Munnell, Alicia H., Steven A. Sass, and Mauricio Soto. 2006. “Employers Attitudes towards Older Workers: Survey Results.” Issue in Brief 6-3. Chestnut Hill, MA: Center for Retirement Research at Boston College. 

Quinby, Laura D., Gal Wettstein, and James Giles. 2023. “Are Older Workers Good for Business?” Working Paper 2023-19. Chestnut Hill, MA: Center for Retirement Research at Boston College.

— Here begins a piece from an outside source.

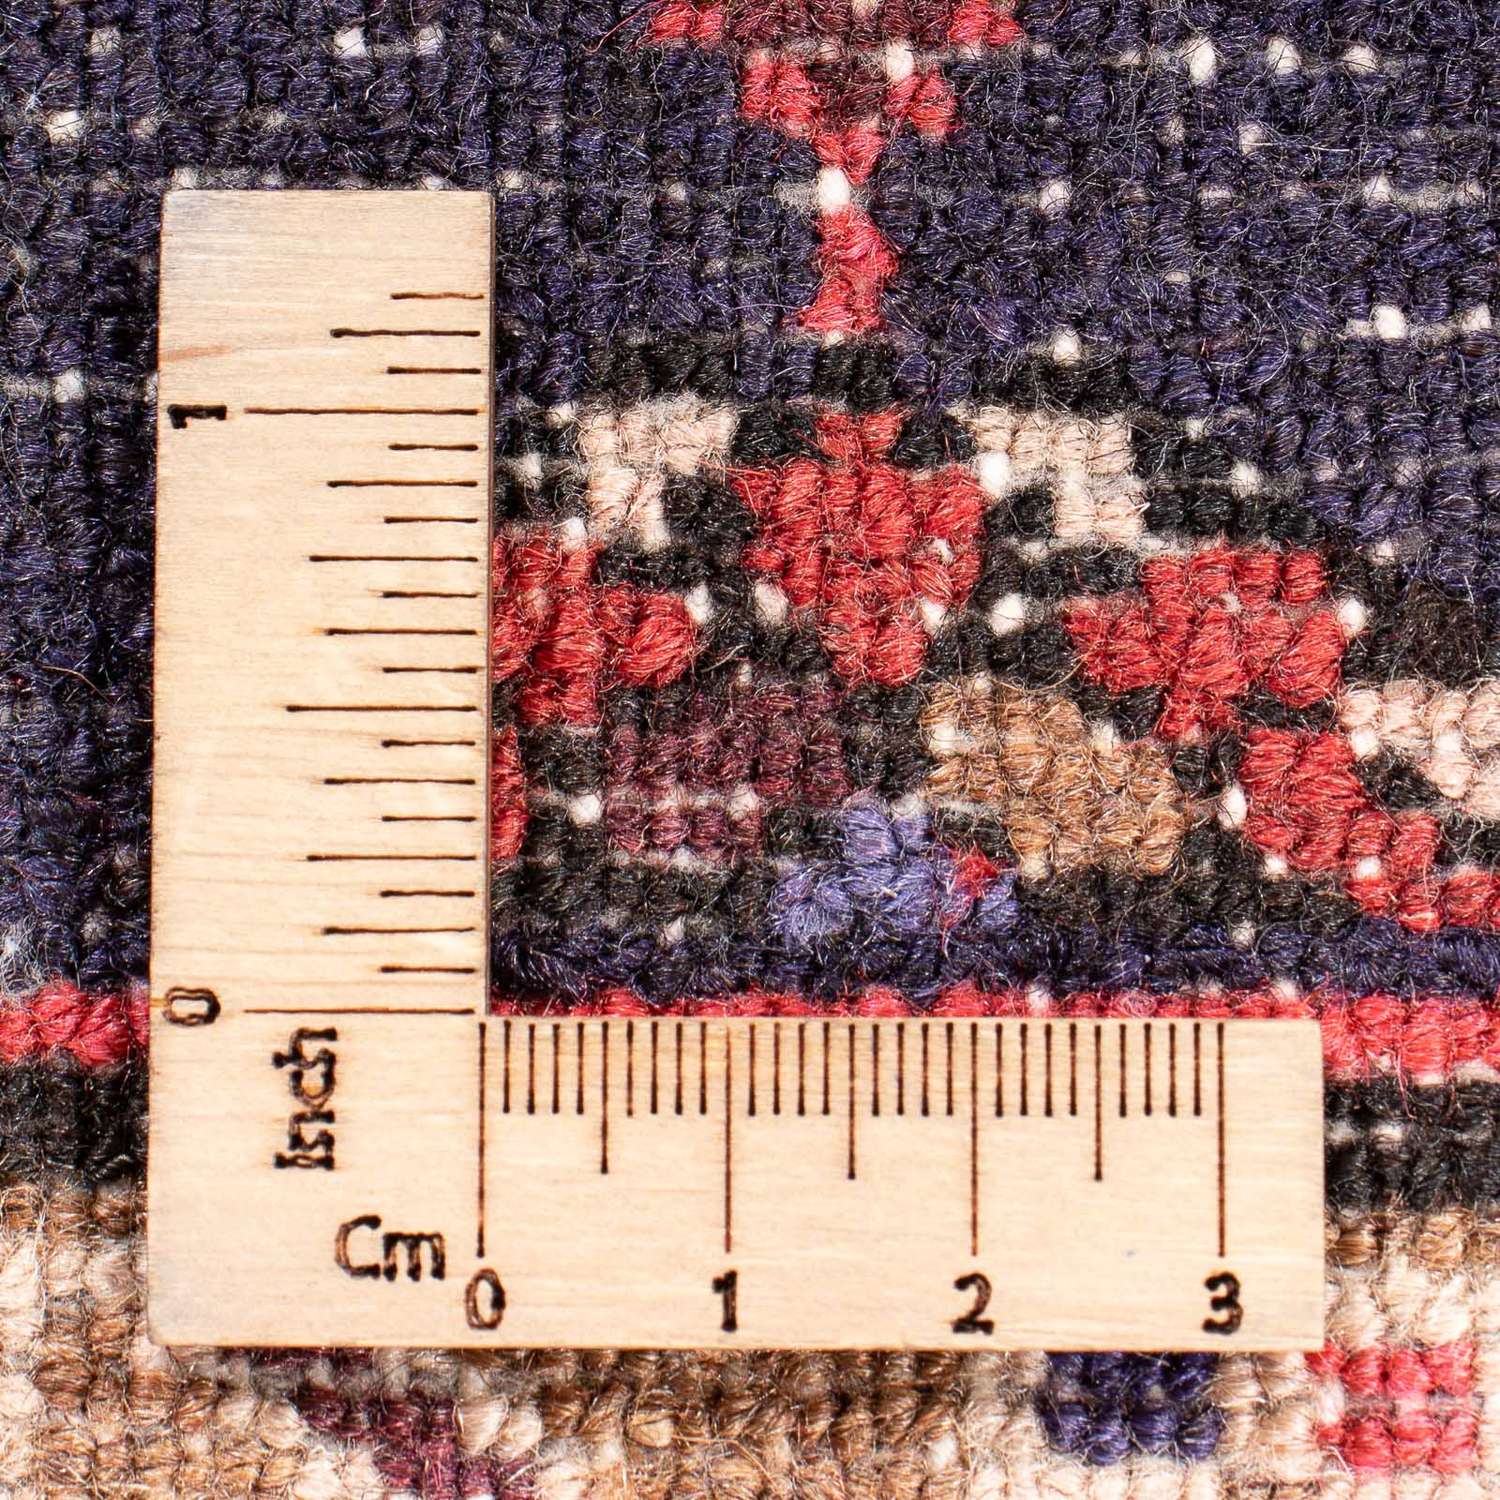 Perský koberec - Nomádský - 194 x 131 cm - červená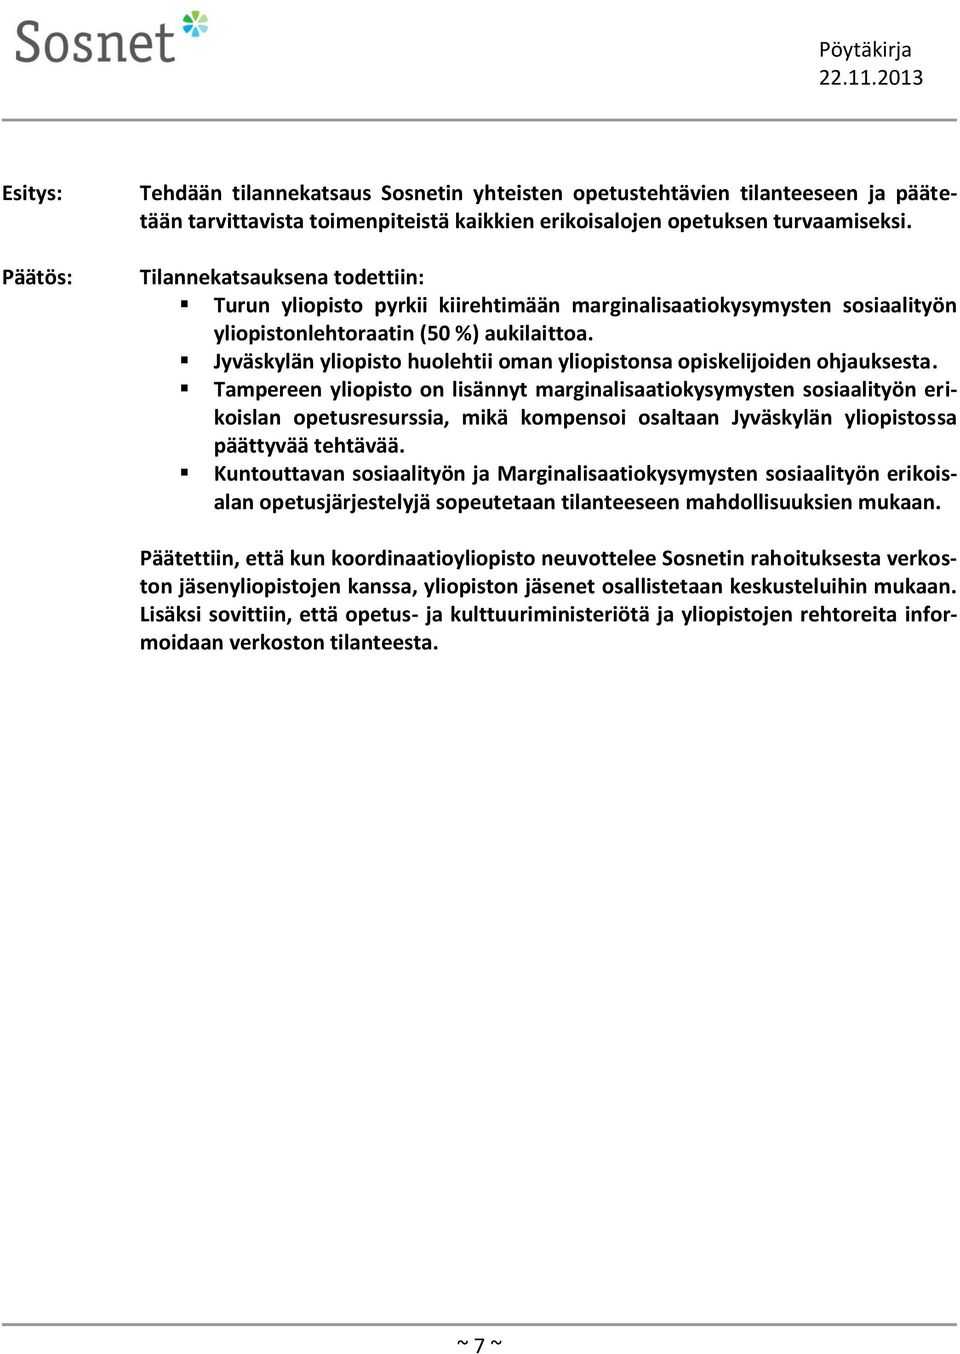 Jyväskylän yliopisto huolehtii oman yliopistonsa opiskelijoiden ohjauksesta.

Siliciano, Robert L. and Gal Wettstein. 2022. “Will the Jobs of the Future Support an Older Workforce?” Working Paper 2022-2. Chestnut Hill, MA: Center for Retirement Research at Boston College.

Endnotes

  • 1
    Quinby, Wettstein, and Giles (2023).
  • 2
    Munnell and Wettstein (2020).
  • 3
    It is worth noting that the 2019 survey was meant to replicate an earlier study, conducted in 2006.  The 2019 results are more favorable to older workers – specifically older support/production workers – than the 2006 edition.  See Munnell, Sass, and Soto (2006).
  • 4
    For each listing, RetirementJobs.com provided the employer’s name, region of operation, job title, and whether the job was full- or part-time.  These structured fields were supplemented by the job descriptions, which were manually coded to identify information on salary and benefits.  For more detail, see Munnell, Wettstein, and Walters (2020).
  • 5
    Because the total number of listings varies by state, the sample for each state was weighted to reflect its total underlying listings.
  • 6
    Siliciano and Wettstein (2022).
  • 7
    For more details, see Siliciano and Wettstein (2022).